Reputation: 65
I have the following table, which i would like to modify:
type | position | ratio | number | percentage |
---|---|---|---|---|
DNA | intergenic | 0.00026933362 | 225173 | 40.757876065 |
DNA | intragenic | 0.00021799943 | 41250 | 7.466536342 |
LINE | intergenic | 0.00027633335 | 48619 | 8.800376494 |
LINE | intragenic | 0.00031015097 | 9578 | 1.733684487 |
I want to add rows that contain the following modifications:
type: if the value "type" is identical between two rows (it always is in my case), add it again in a separate row of the column "type".
position: change the value from intergenic/intragenic to "genome" if (1)
ratio: ratio value would be the weighted mean calculated from the ratio of intergenic and intragenic rows of the same type value:
((number_intragenic * ratio_intragenic) + (number_intergenic * ratio_intergenic))/(number_intragenic + number_intergenic)
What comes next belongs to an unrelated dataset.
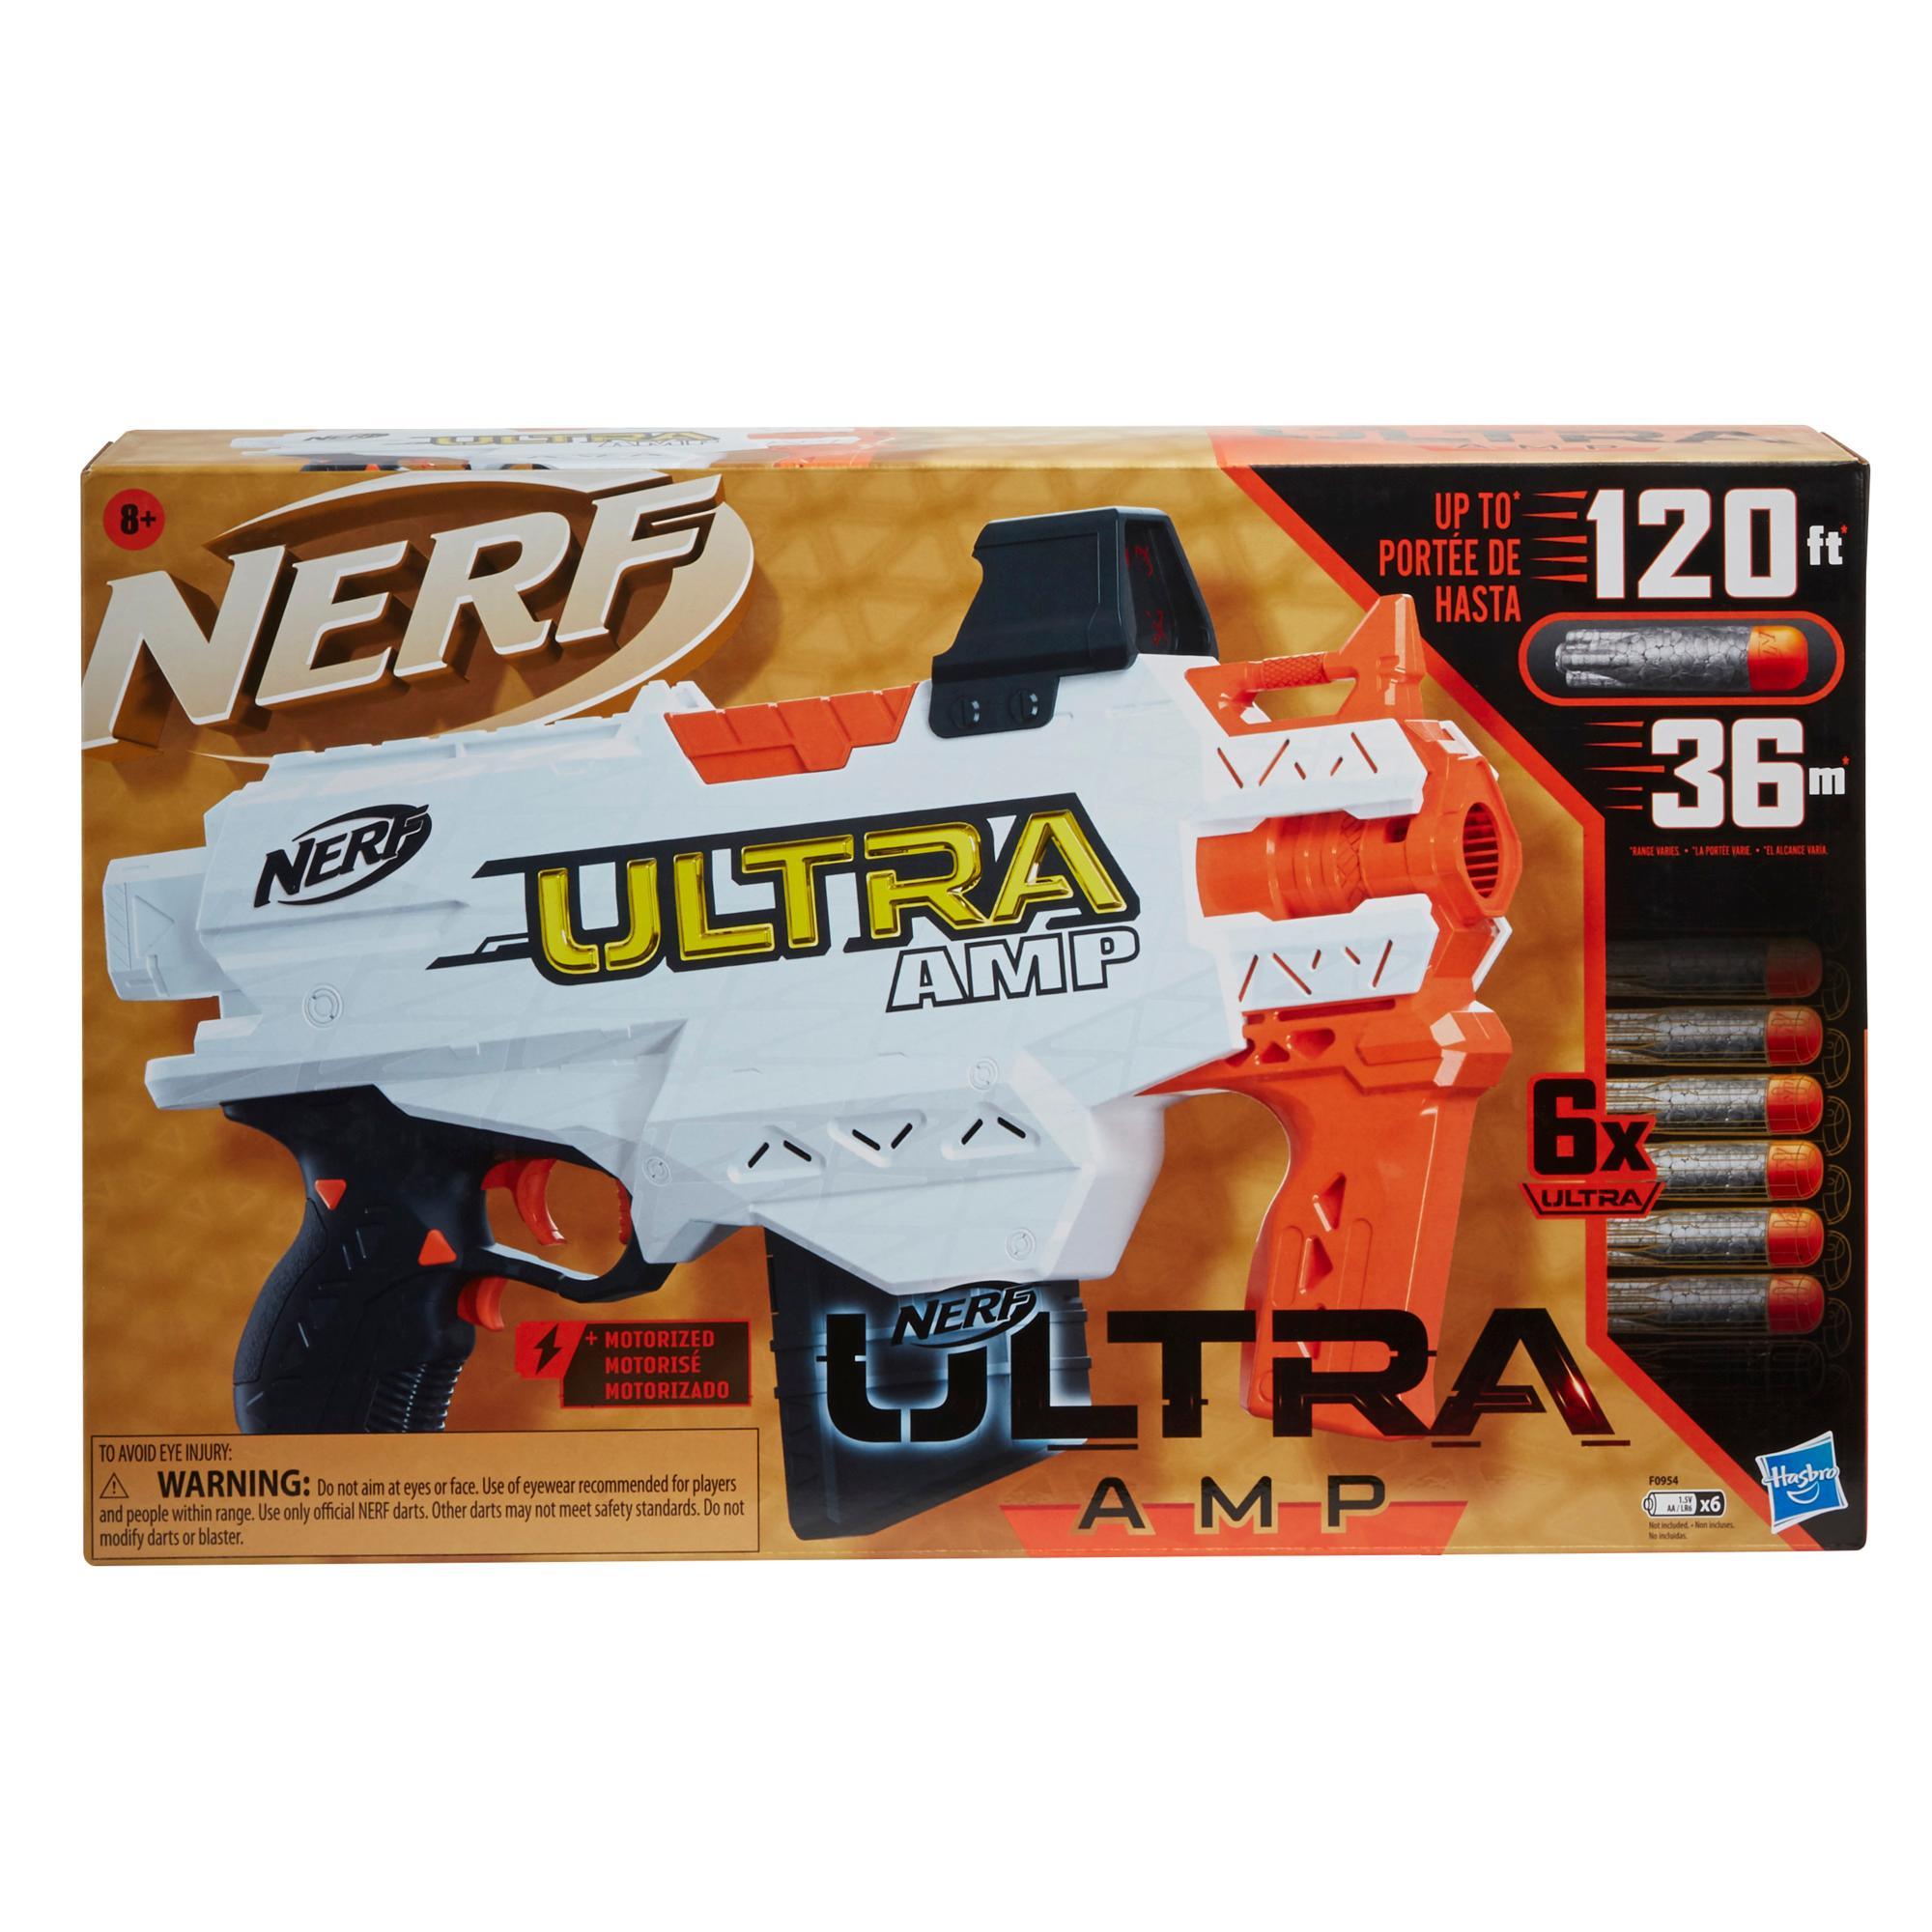 Nerf Ultra Platinum Amp motorisierter Blaster, Platinakzente, 6-Dart Clip, 6 Darts, nur mit Nerf Ultra Darts kompatibel

number: sum of number values for the same type: sum(number_intergenic + number_intragenic)
sum of the percentage values for the same type: sum(percentage_intergenic + percentage_intragenic)
My problem is that I do not know how to add rows to dataframe by making specific calculation from already existing rows. It is easy to add columns using mutate in dplyr. How can I do this for rows?
I would much prefer if the solution is provided in dplyr.
Edit: The formula of the weighted mean was wrong. I had added a + sign instead of a * sign in the following part of the formula: (number_intergenic + ratio_intergenic). It has now been fixed.
Upvotes: 2
Views: 82
Reputation: 21938
Dedicated to dear @akrun who taught me how to do this:
library(dplyr)
library(purrr)
library(tibble)
df %>%
group_split(type) %>%
map_dfr(~ add_row(.x, type = first(.x$type), position = "genome",
ratio = ((.x$ratio[2]*.x$number[2]) + (.x$ratio[1]+.x$number[1])) /
(.x$number[1]+.x$number[2]), number = .x$number[1] + .x$number[2],
percentage = .x$percentage[1] + .x$percentage[2]))
# A tibble: 6 x 5
type position ratio number percentage
<chr> <chr> <dbl> <int> <dbl>
1 DNA intergenic 0.000269 225173 40.8
2 DNA intragenic 0.000218 41250 7.47
3 DNA genome 0.845 266423 48.2
4 LINE intergenic 0.000276 48619 8.80
5 LINE intragenic 0.000310 9578 1.73
6 LINE genome 0.835 58197 10.5
Upvotes: 2
Reputation: 8523
Here is a solution.
dplyr
is not meant to create new rows as the result is often not considered "tidy". In your case, you want to summarise the data (I used a custom function to this end). You can use the summary on its own or you can use bind_rows()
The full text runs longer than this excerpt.